Summary: | Introduction: The wide range of studies on air pollution requires accurate and reliable datasets. However, due to many reasons, the measured concentrations may be incomplete or biased. The development of an easy-to-use and reproducible exposure assessment method is required for researchers. Therefore, in this article, we describe and present a series of codes written in R Programming Language for data handling, validating and averaging of PM10, PM2.5, and O3 datasets.

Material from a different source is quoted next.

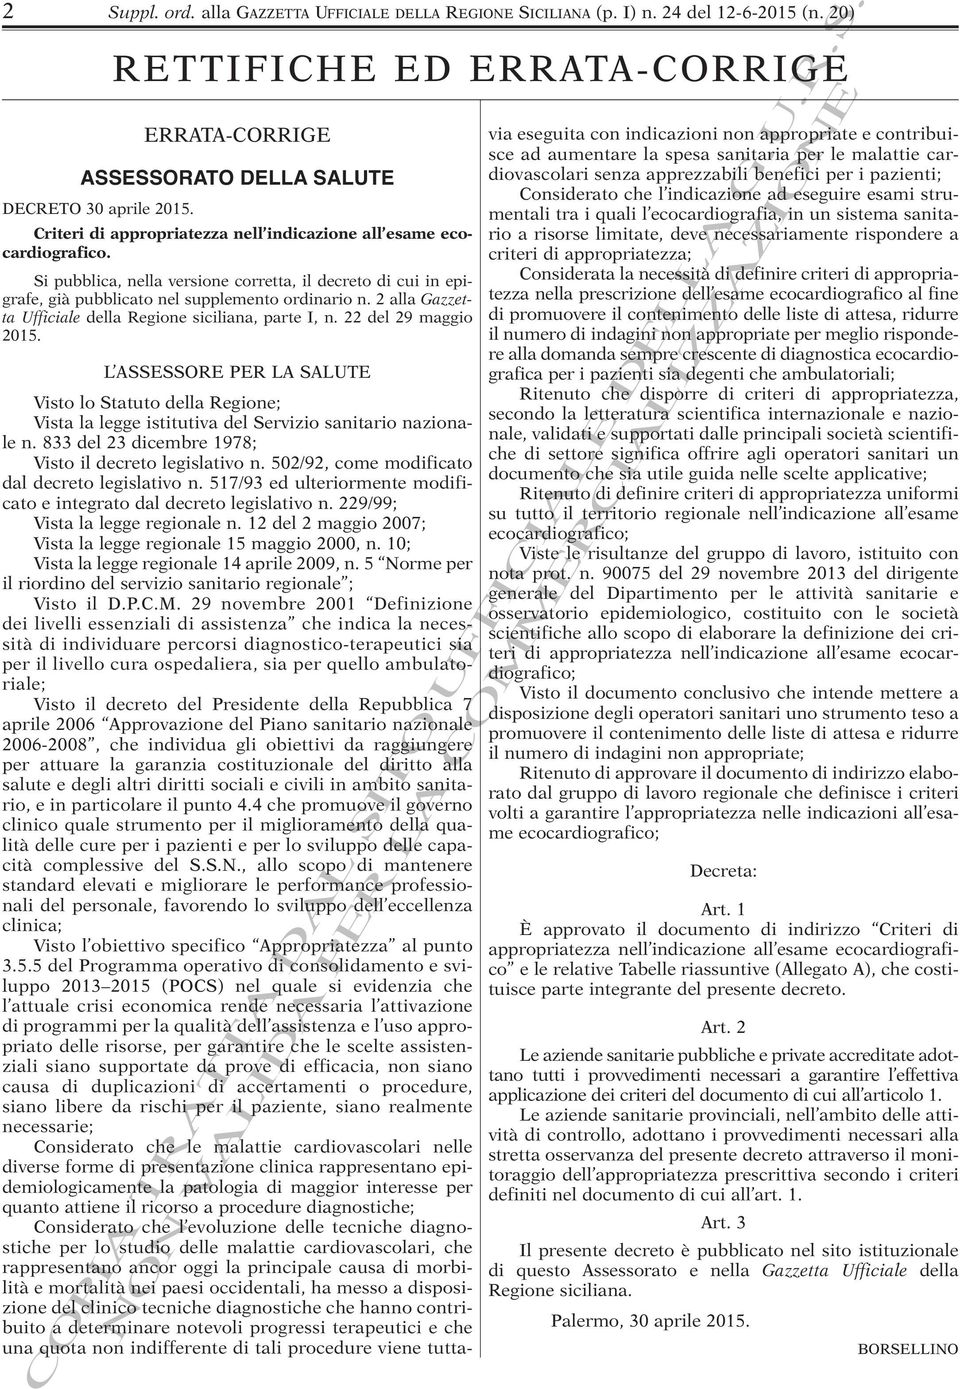 Si pubblica, nella versione corretta, il decreto di cui in epigrafe, già pubblicato nel supplemento ordinario n. 2 alla Gazzetta Ufficiale della Regione siciliana, parte I, n. 22 del 29 maggio 2015.

Findings: These codes can be used in any types of air pollution studies that seek for PM and ozone concentrations that are indicator of real concentrations. We used and combined criteria from several guidelines proposed by US EPA and APHEKOM project to obtain an acceptable methodology. Separate .csv files for PM10, PM2.5 and O3 should be prepared as input file. After the file was imported to the R Programming software, first, negative and zero values of concentrations within all the dataset will be removed. Then, only monitors will be selected that have at least 75% of hourly concentrations. Then, 24-h averages and daily maximum of 8-h moving averages will be calculated for PM and ozone, respectively. For output, the codes create two different sets of data. One contains the hourly concentrations of the interest pollutant (PM10, PM2.5, or O3) in valid stations and their average at city level. Another is the final 24-h averages of city for PM10 and PM2.5 or the final daily maximum 8-h averages of city for O3.
Conclusion: These validated codes use a reliable and valid methodology, and eliminate the possibility of wrong or mistaken data handling and averaging. The use of these codes are free and without any limitation, only after the citation to this article.
|